Ia tidak berguru pada siapa-siapa. Kesaktian begitu saja ia miliki. Sebaliknya, begitu banyak orang menderita di dunia datang ke rumahnya dan meminta sedikit kesaktian kepadanya. Sudar Gana, si raja maling, pernah datang kepadanya dan dengan hanya disentuh kepalanya Sudar Gana telah bisa terbang dan tidak bisa mati. Seorang dukun sakti dengan hanya mencium kaki si buta dapat menyembuhkan aneka macam penyakit. Ada yang kebal api dan ada pula yang mendapat kekuatan luar biasa, sehingga dapat menyelesaikan apa pun jenis pekerjaan seorang diri.
Laki-laki yang darinya bersumber cerita ini konon adalah murid ke sekian, yang kepadanya dijanjikan seluruh kesaktian si buta akan diturunkan.
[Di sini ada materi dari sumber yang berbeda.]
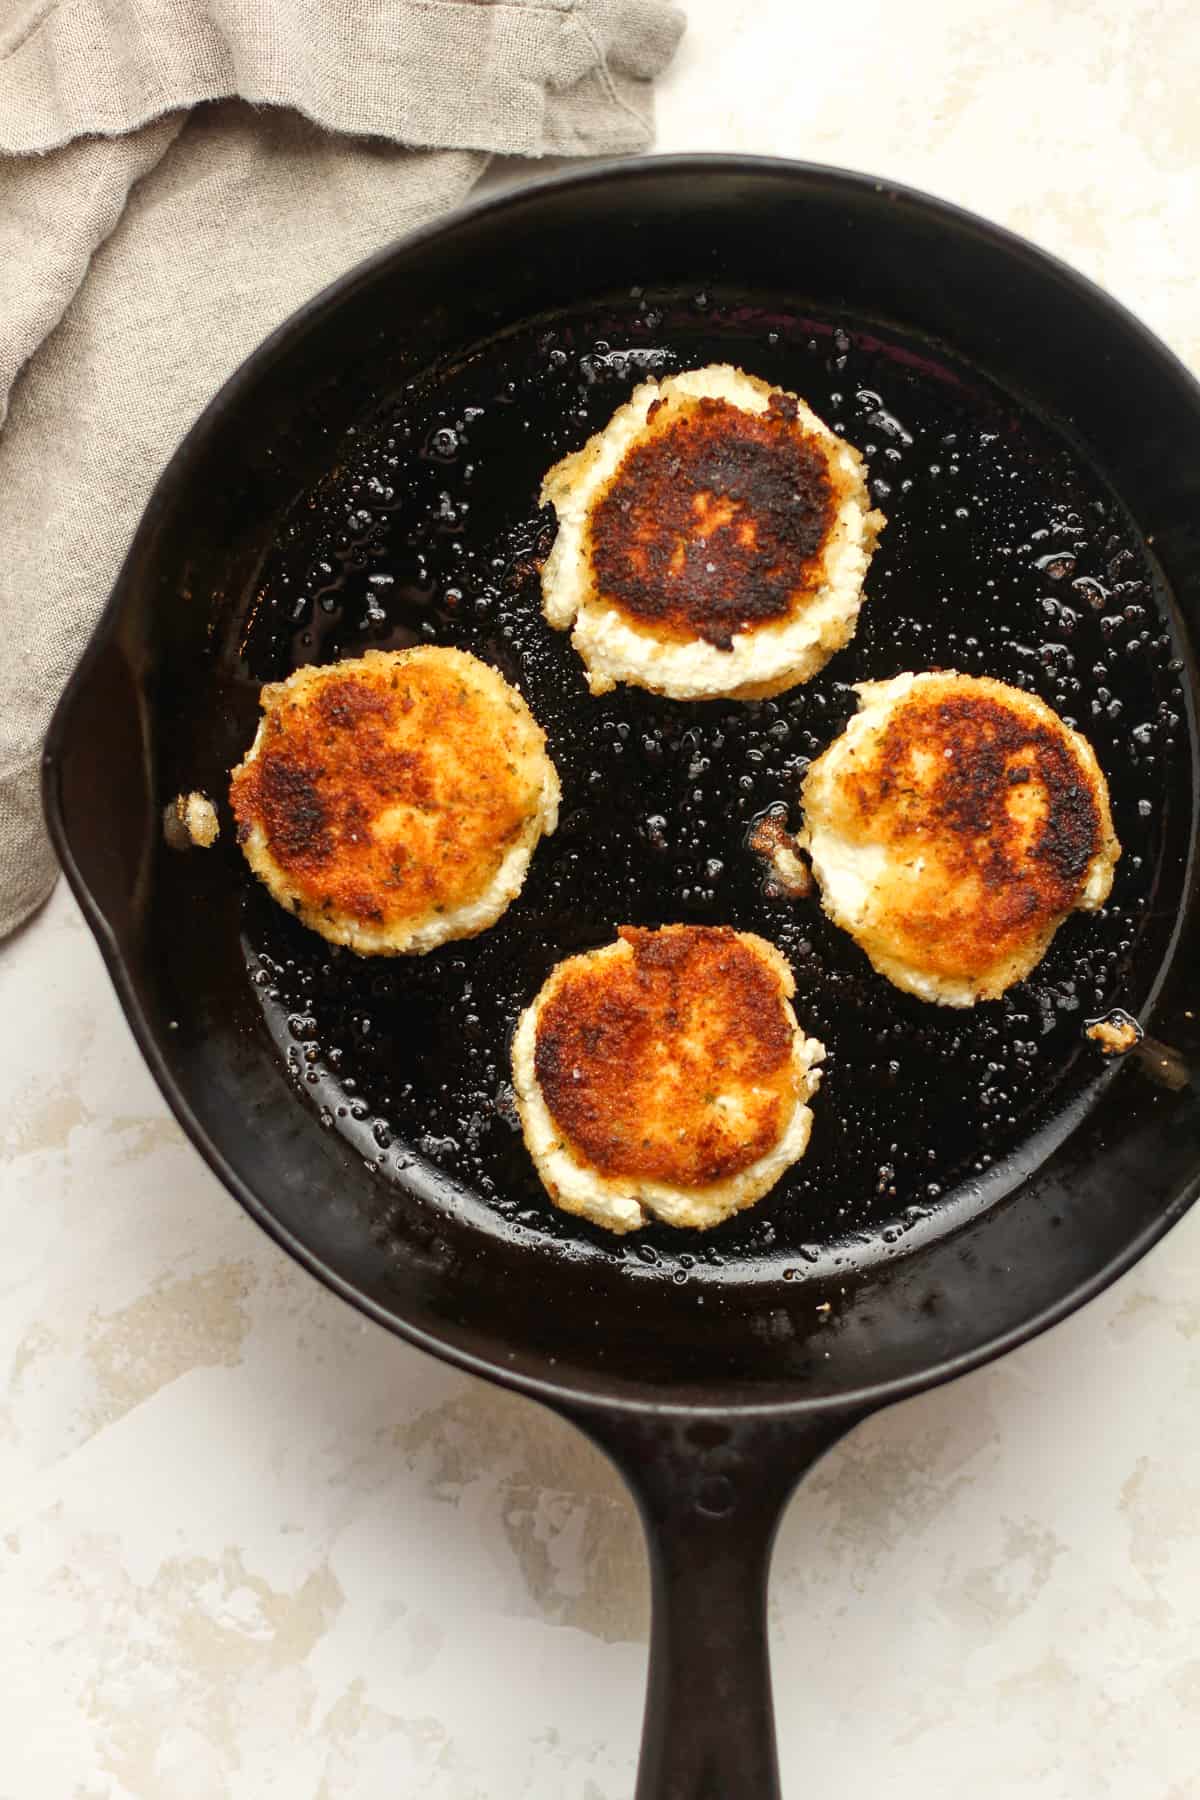 Four rounds of fried goat cheese in a small cast iron skillet.

Setelah sumbat di dalam dirinya terbuka, setiap hari ia berkeliling dari satu kampung ke kampung lain menceritakan tentang kesaktian gurunya. Ia tidak lagi mengenakan baju dan orang-orang dapat melihat tubuhnya yang kekar. Ia mengaku pada suatu malam diberikan kemampuan untuk melihat peperangan di kebun kopi itu dan ia melihat dengan mata kepalanya sendiri gurunya menghalau sekelompok orang berbadan kekar dan bertampang bengis yang ingin merebut tanahnya.
“Kebun kopi itu sangat luas,” katanya. “Seluas dunia.”
Catatan Kaki:
Epe : Kamu (sopan);
Untuk-untuk : Jajan dari tepung dengan sepotong pisang di dalamnya;
Jebak : Gerbang.
Biodata Penulis
Arianto Adipurwanto lahir di Selebung, Lombok Utara, 1 November 1993. Kumpulan cerpennya berjudul Bugiali (Pustaka Jaya, 2018) masuk 5 besar prosa Kusala Sastra Khatulistiwa tahun 2019. Aktif di Komunitas Akarpohon, NTB.